WORK INSTRUCTIONS:
All of the data is to be written out again exactly, without the pictures.

GIVEN DATA:
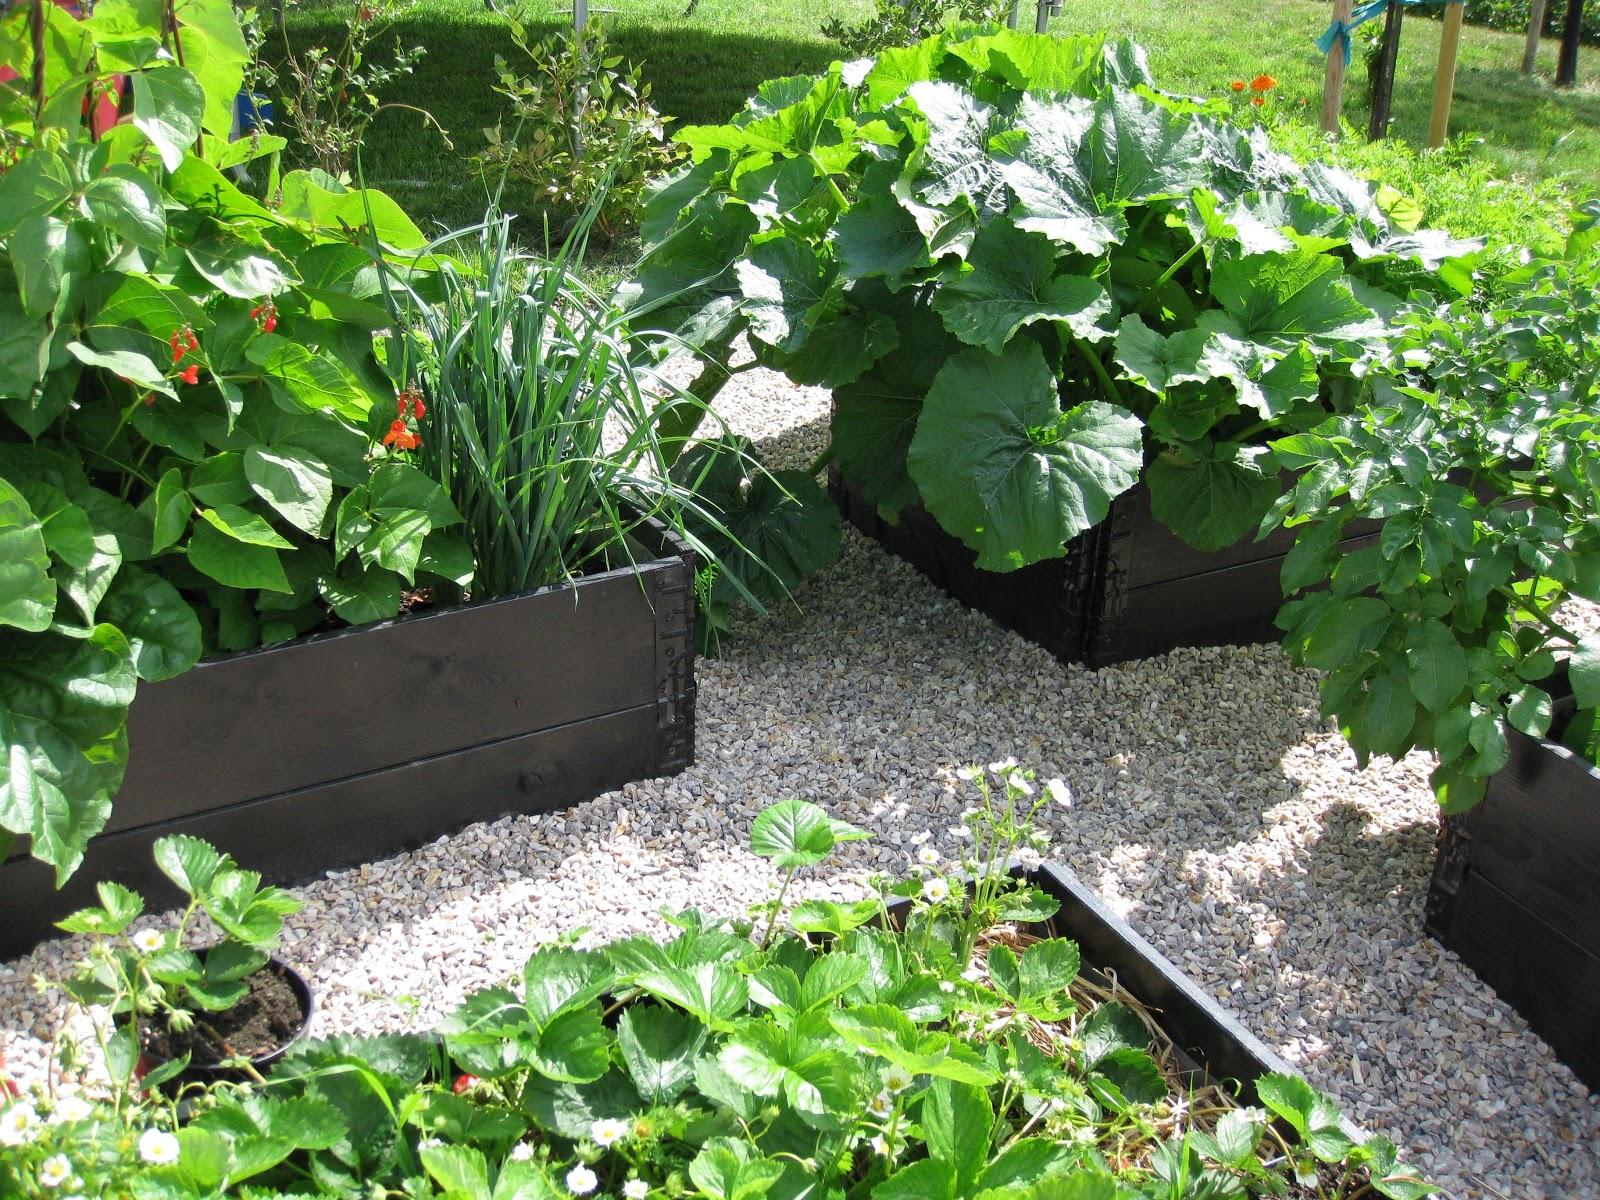 Trädgård Grus : Trädgård och design för alla vår köksträdgård
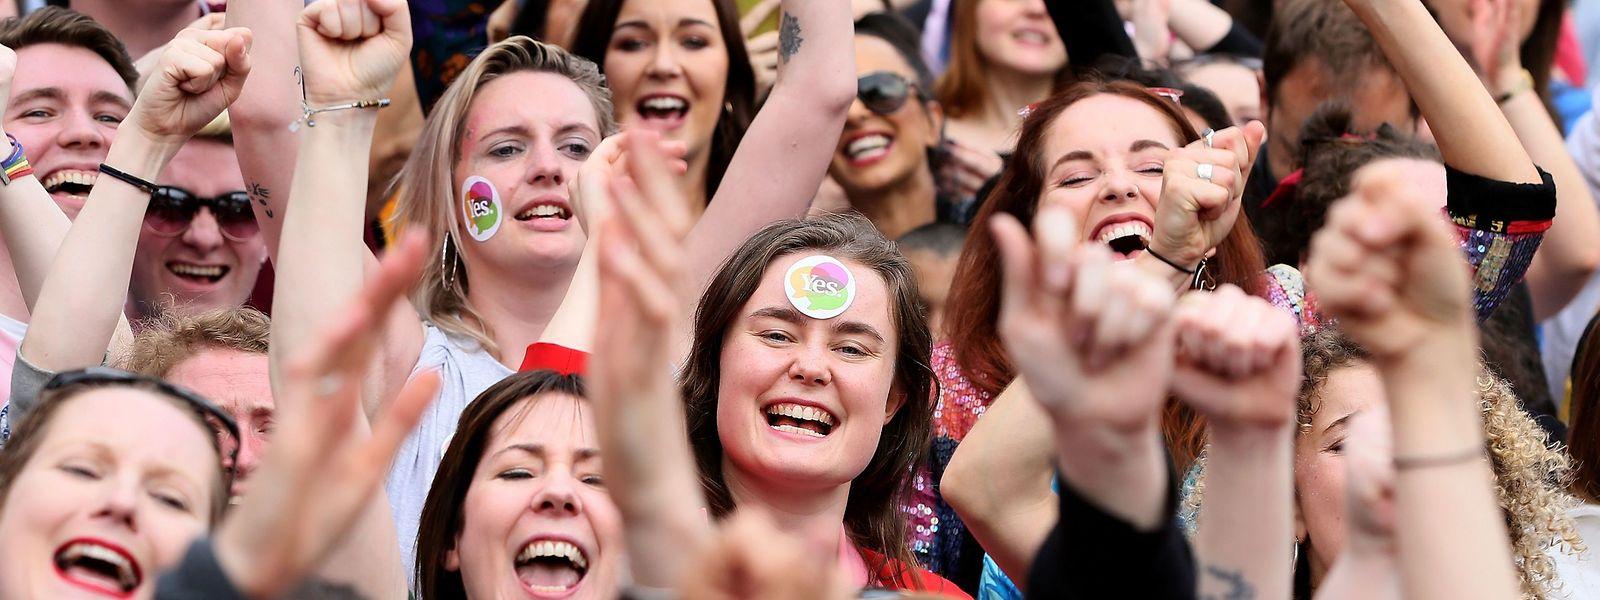 Die Iren hatten am Freitag mit Zwei-Drittel-Mehrheit für eine Verfassungsänderung gestimmt, die es dem Parlament erlaubt, Regelungen für eine legale Abtreibung zu schaffen.
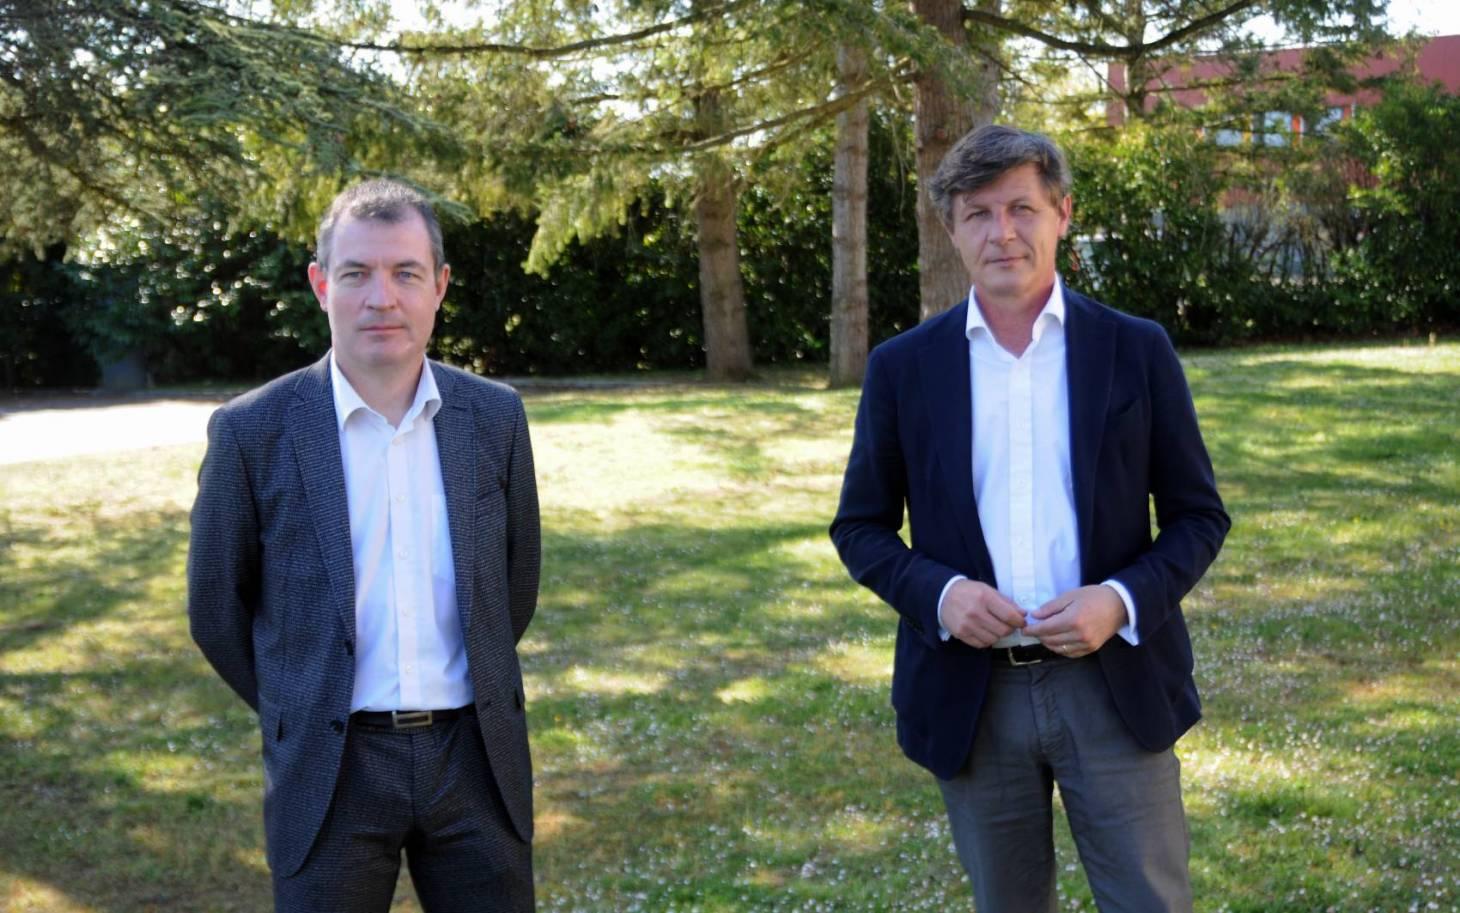 Régionales - Nicolas Florian: « Rousset est sous la tutelle des Verts»

ANSWER TO THIS TASK:
 Trädgård Grus : Trädgård och design för alla vår köksträdgård
 Die Iren hatten am Freitag mit Zwei-Drittel-Mehrheit für eine Verfassungsänderung gestimmt, die es dem Parlament erlaubt, Regelungen für eine legale Abtreibung zu schaffen.
 Régionales - Nicolas Florian: « Rousset est sous la tutelle des Verts»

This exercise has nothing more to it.